WHAT TO DO —
Begin at the first line of the data and copy each line through the one containing "Разработать логотип для", that line included, with no pictures.

### THE DATA ###

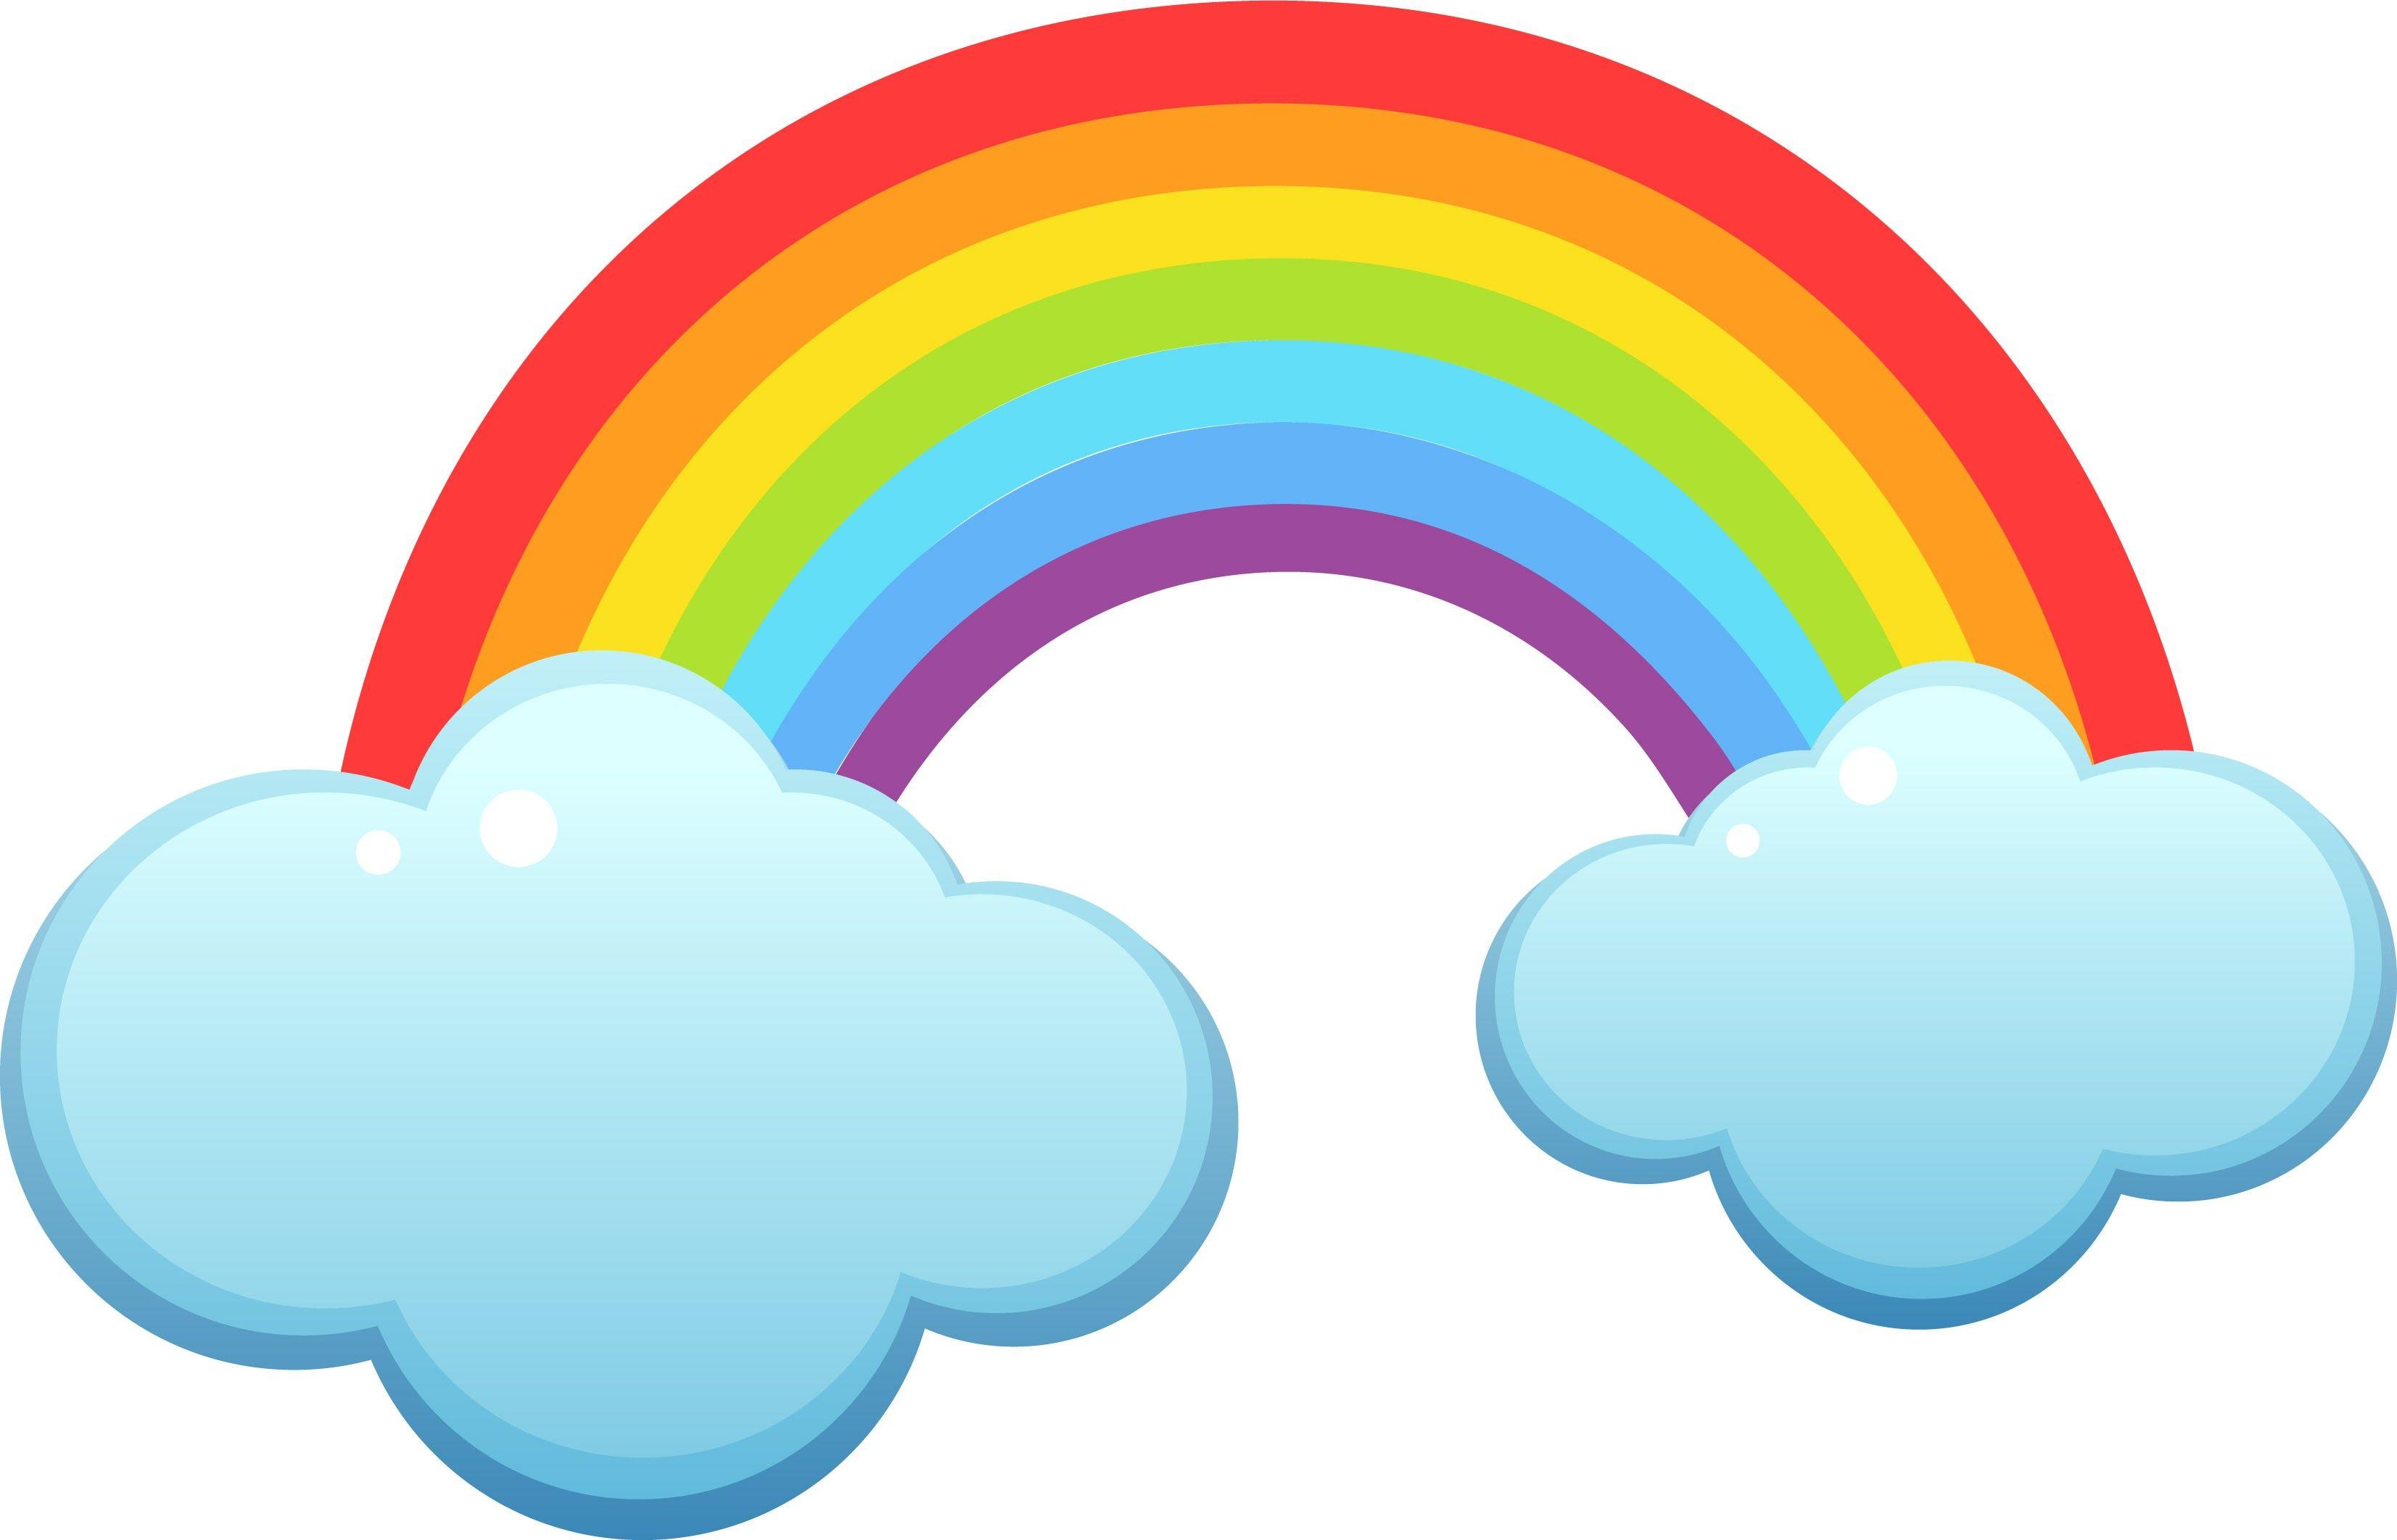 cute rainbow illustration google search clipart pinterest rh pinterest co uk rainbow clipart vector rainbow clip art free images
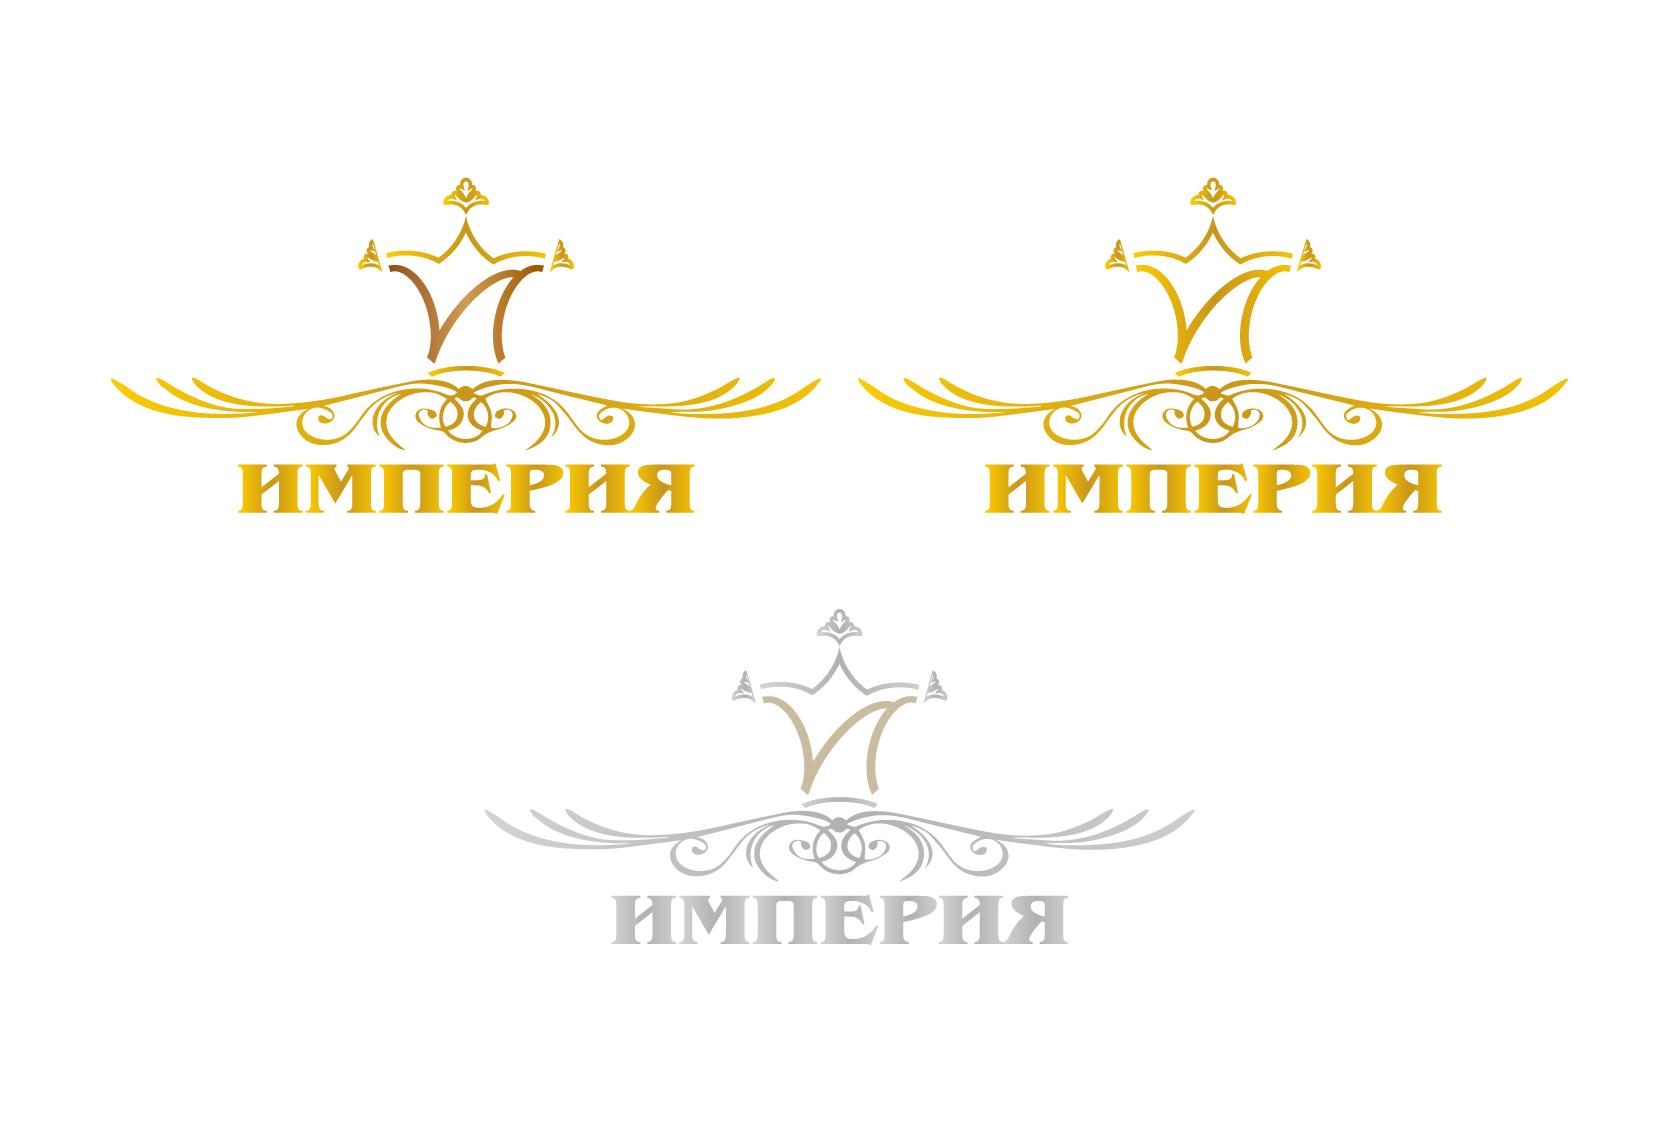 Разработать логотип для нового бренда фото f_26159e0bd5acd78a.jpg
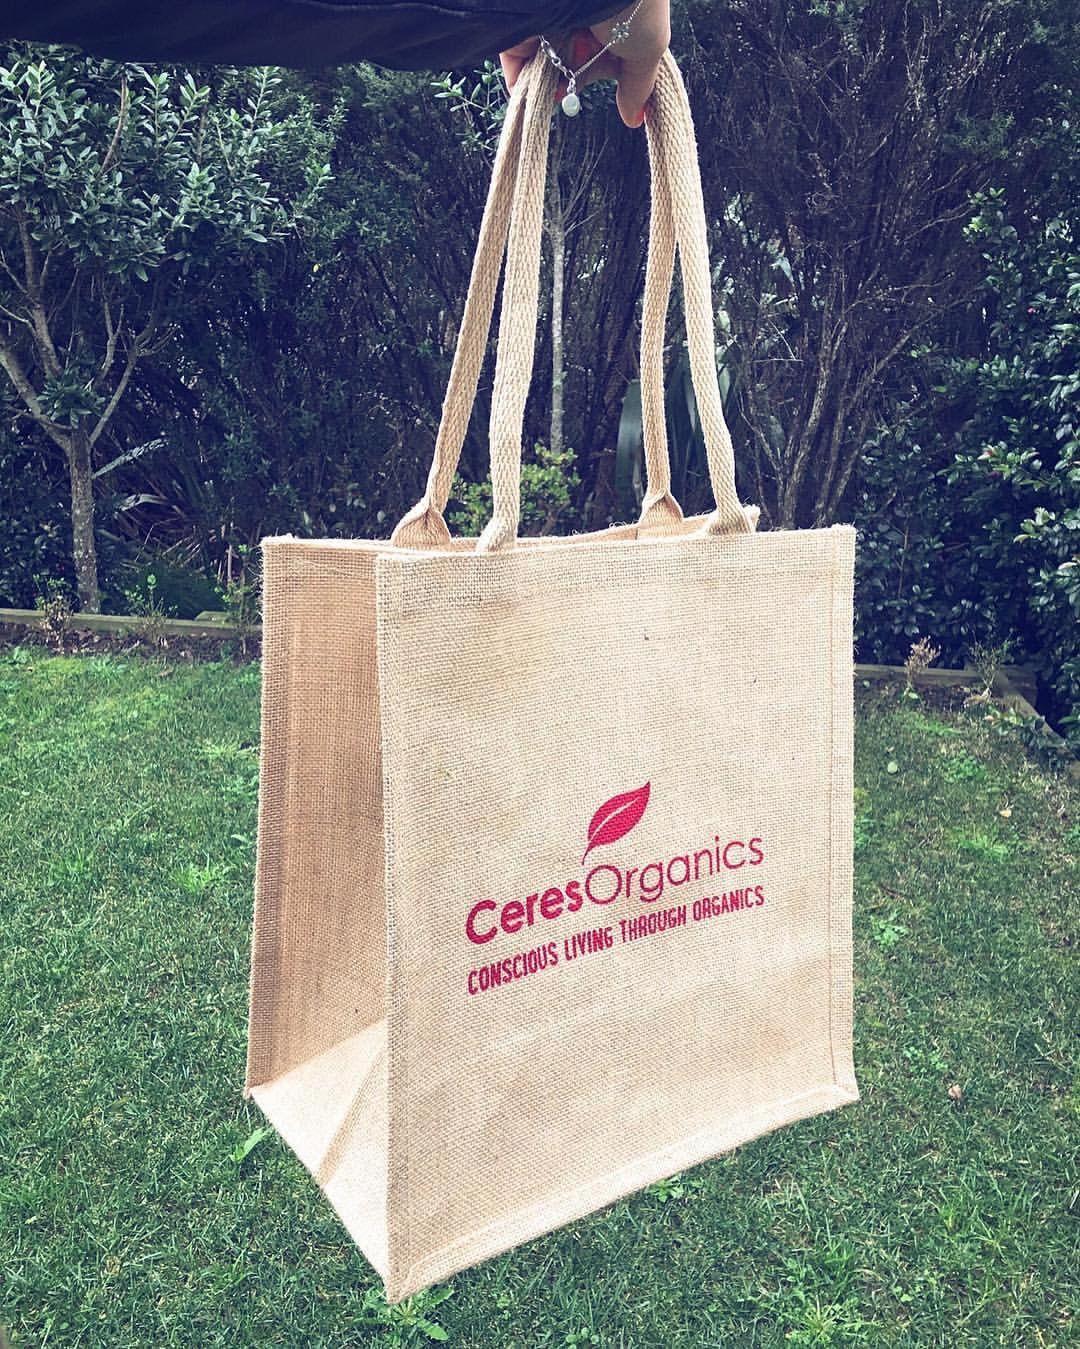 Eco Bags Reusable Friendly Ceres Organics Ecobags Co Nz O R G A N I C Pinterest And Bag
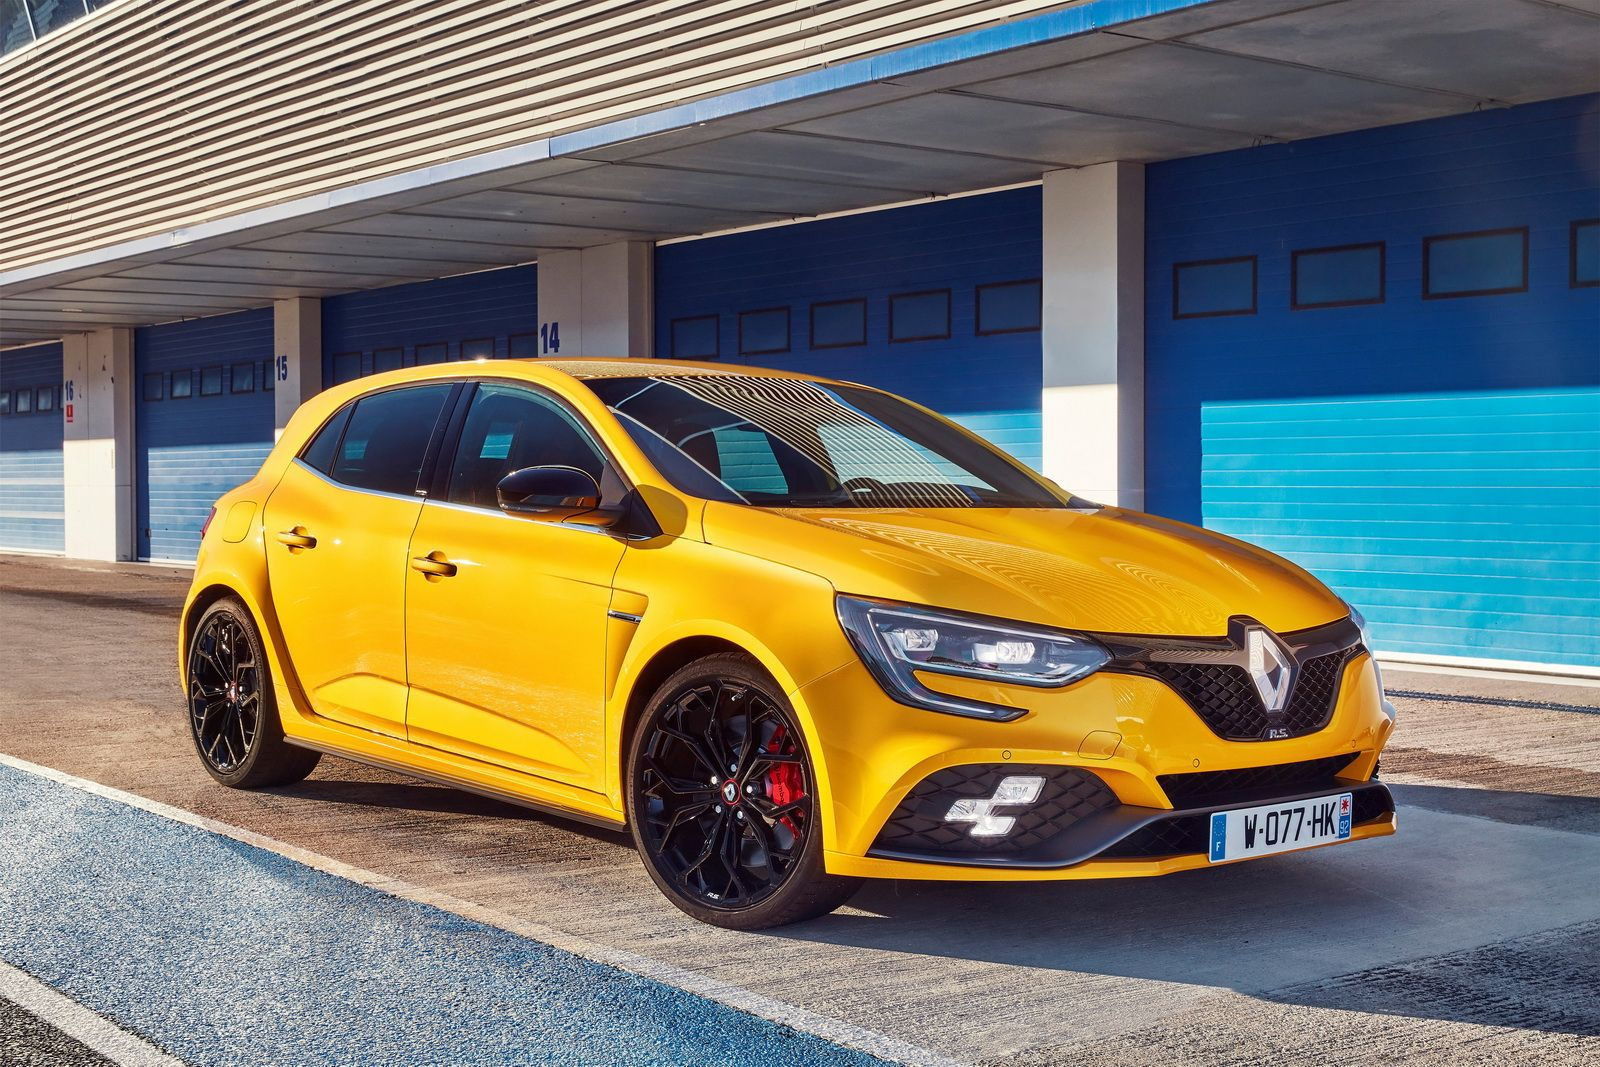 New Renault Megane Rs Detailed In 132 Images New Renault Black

###

RESPONSE —
 cute rainbow illustration google search clipart pinterest rh pinterest co uk rainbow clipart vector rainbow clip art free images
 Разработать логотип для нового бренда фото f_26159e0bd5acd78a.jpg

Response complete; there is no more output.